Saurabh Mukherjea: If the hottest business is not generating cash flow, avoid it: Saurabh Mukherjea

The Indian economy is at an inflection point and analysts say the texture of the stock market is likely to change over the next 10 years with new compounders driving the engines of profit growth.

So, how does one identify the potential new compounders to reap the benefits in the future?

The primary market is hot and many unicorns are headed for Dalal Street. Will some of these become new compounders?

“Yes, many of these are consolidating and are on their way to become master franchises. But no matter how good a business is, if it is not making money, stay away,” says Saurabh Mukherjea, seasoned fund manager and founder of Marcellus PMS.

Typically in a 10-year period, Nifty churns by around 50 per cent — half the names on the index are broadly gone in a decade.

“As we have seen in the last 10 years, old style conglomerates, old style setups will gradually get relegated to the sidelines of the market,” Mukherjea said. He said the core competitive advantage of the old style conglomerates was their ability to have a good connectivity with the political ecosystem.

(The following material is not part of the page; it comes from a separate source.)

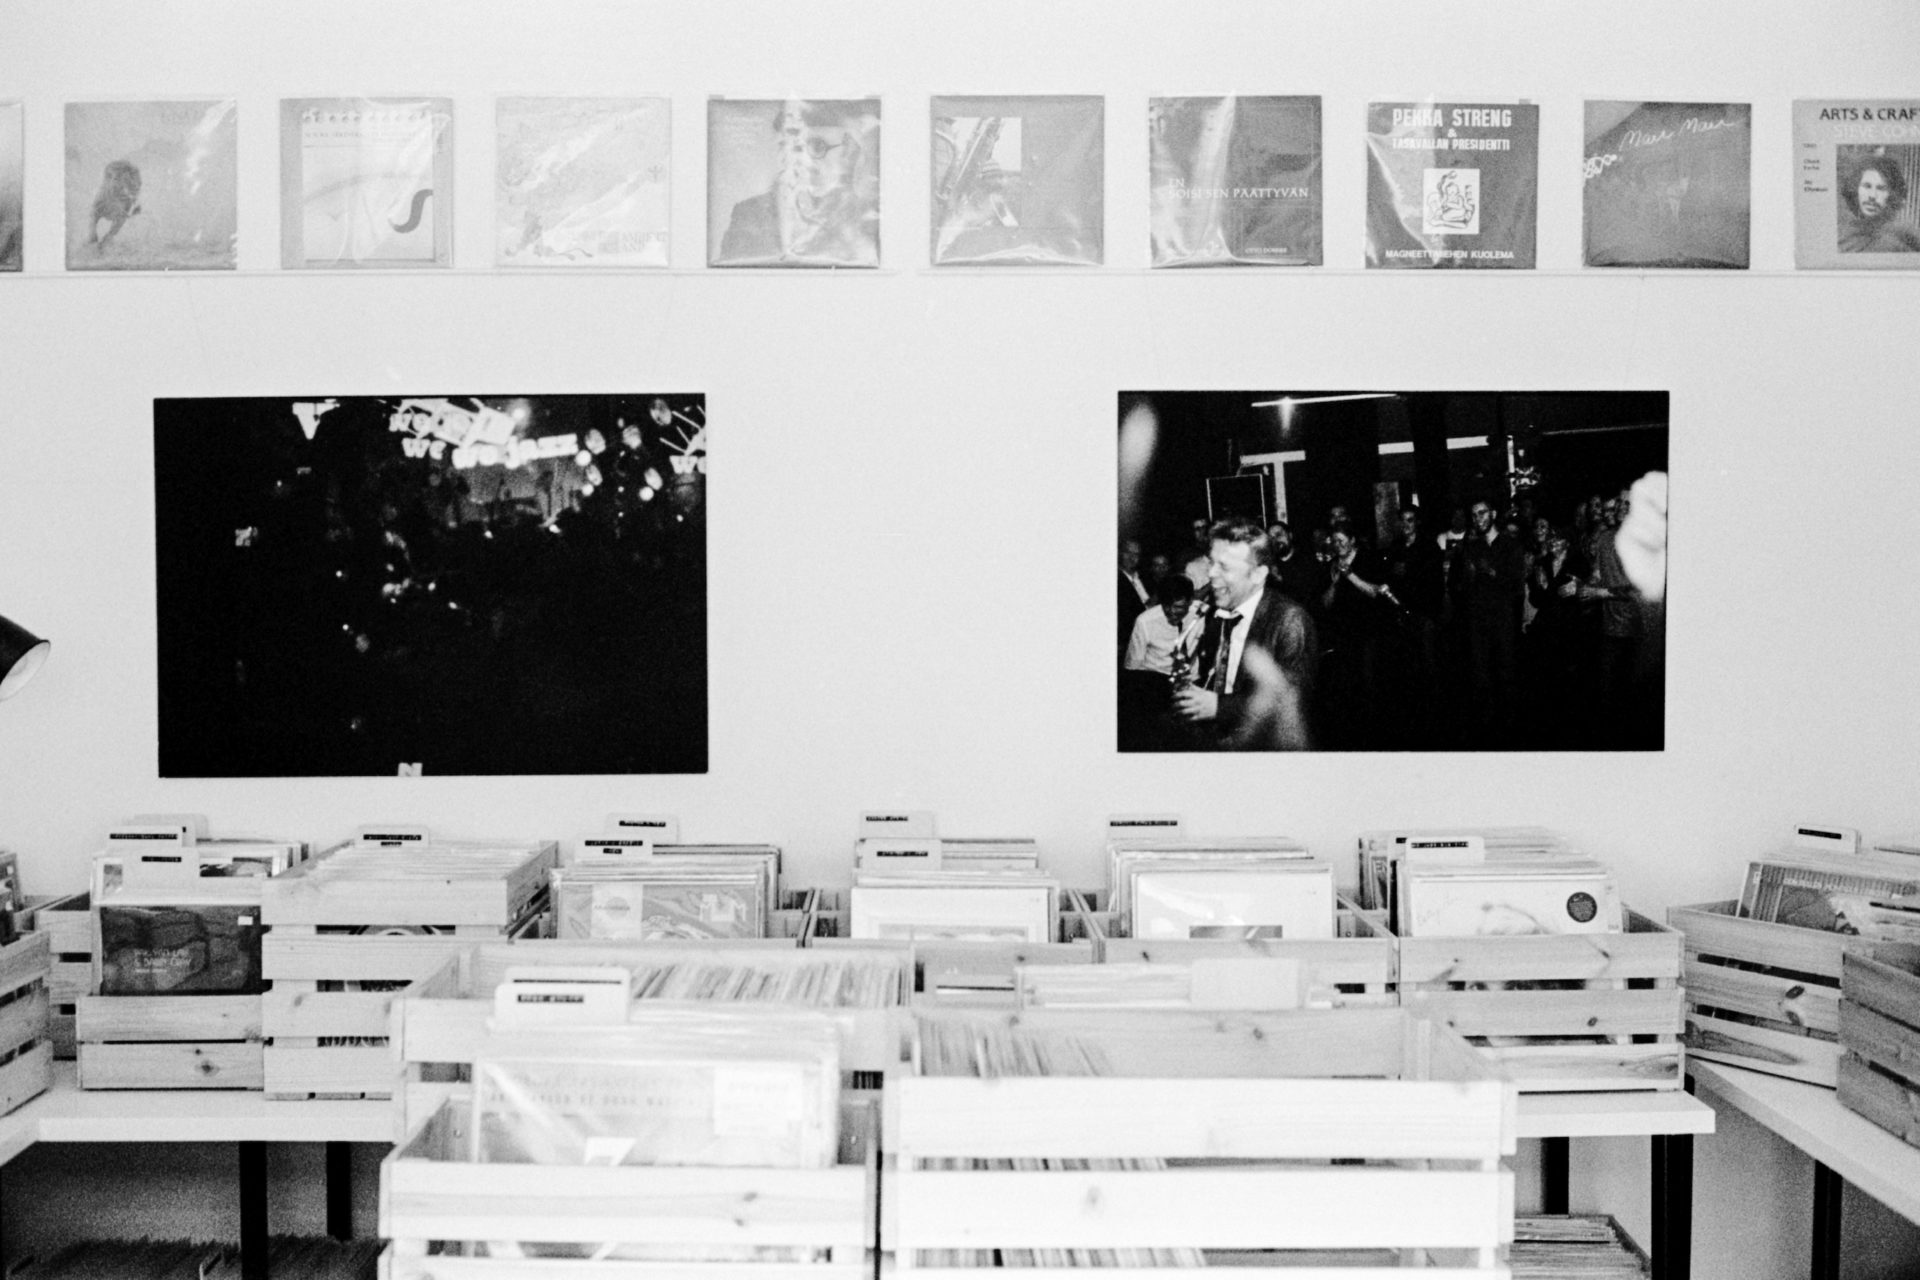 We Jazz Record Shop - 1 of 6

“But their ability to keep up with the master franchises is gradually decreasing. A new generation of companies with superior technology, superior governance, superior ability to drive growth at 20-25 per cent are emerging and that’s what we are seeing now,” he said.

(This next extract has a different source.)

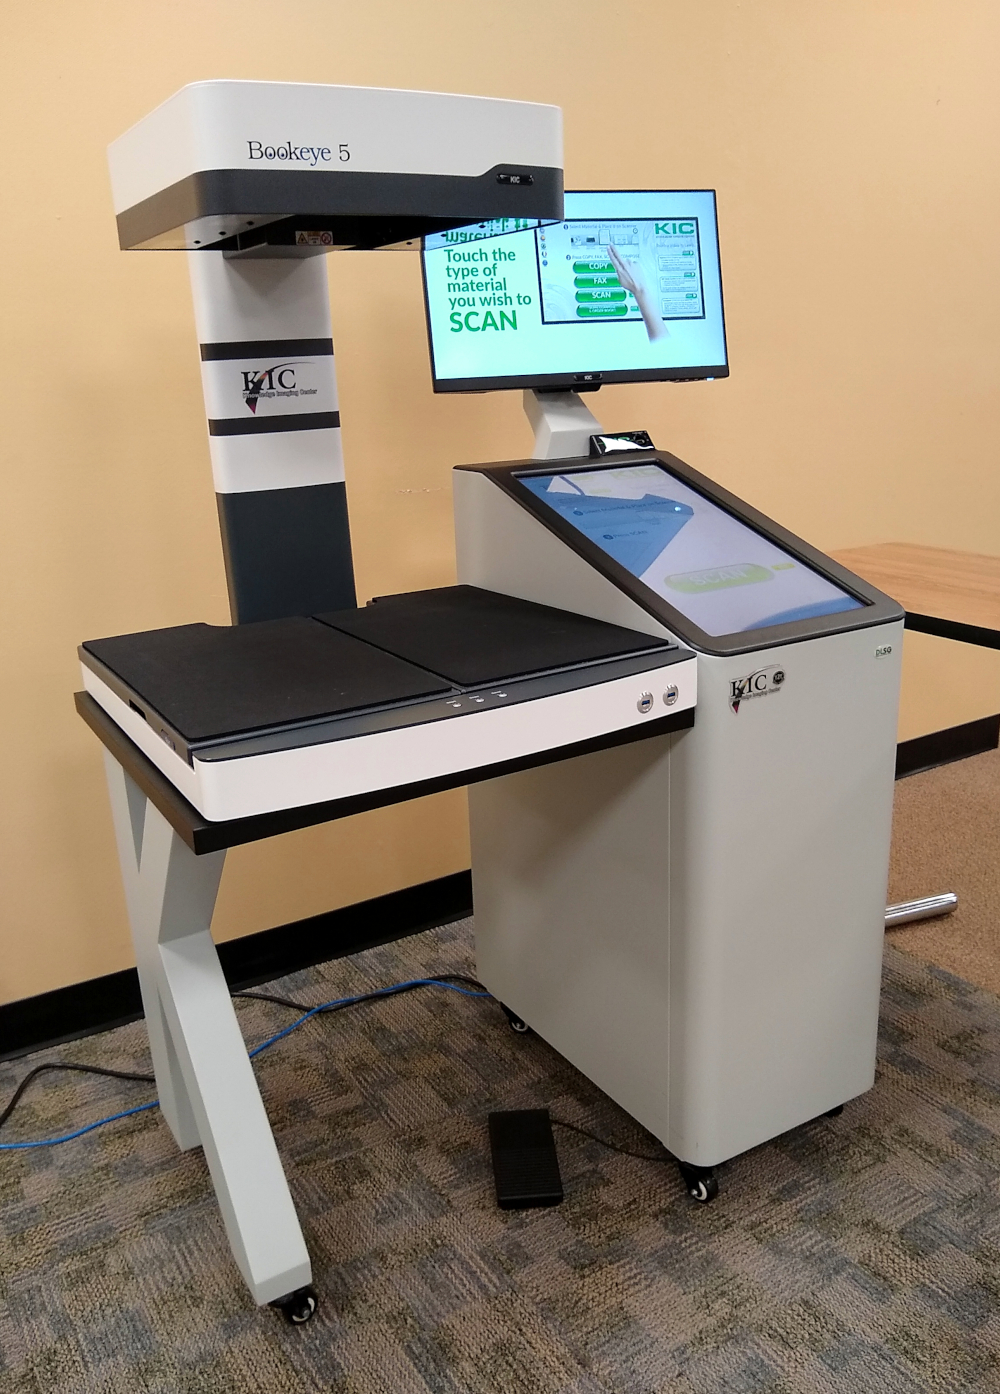 A modern scanner machine for books, with several screens.

Mukherjea says the top 10 master franchises today account for 90-95 per cent of profits In India. “The stock market has 6,000 stocks, but just 15-20 companies make all the money in the market. Around one-third of those 15-20 names will have a rough decade between 2020 and 2030 and four-five new names will emerge,” he said.

As the unicorns start on their path to becoming master franchises, many are consolidating and formalising various sectors of the economy, which were hitherto fragmented. “So whether it is home deliveries or grocery shopping, buying cosmetics or education or poultry, the defining signature of many of the unicorns is consolidation and formalisation. But that does not mean all will make money,” Mukherjea said. “We will see a few more InfoEdges coming through over the next decade or so, and in a way they will slot in as the old style conglomerates gradually get pushed out of the index,” he said.

So should one get excited about the Zomatos and the Policybazaars of the world or should one stick to buying Mukherjea’s favourites like Pidilite, Asian Paints or Dr Path Lab?

The Marcellus chief investment officer said he is an absolute believer in India’s economic recovery. “We are in the early stages of a potential four-year economic takeoff driven by China plus one, the lowest cost of money ever seen in our country and constructive policies,” he said.

Among the new generation franchises, some are already generating free cash flow, some are not. And Mukherjea says he does not believe in franchises that do not generate free cash flow.

“We need to look for companies that can put on the table cash generated from a business. However good a business is, if it is not making money, stay away. Some of the consumer tech franchises are generating lots of cash flow,” he pointed out.

“Those IPOs will come. Be patient and wait for them. Do not get excited about getting pulled into the hottest tech IPO, just because the marketing around it is very sexy,” he warned.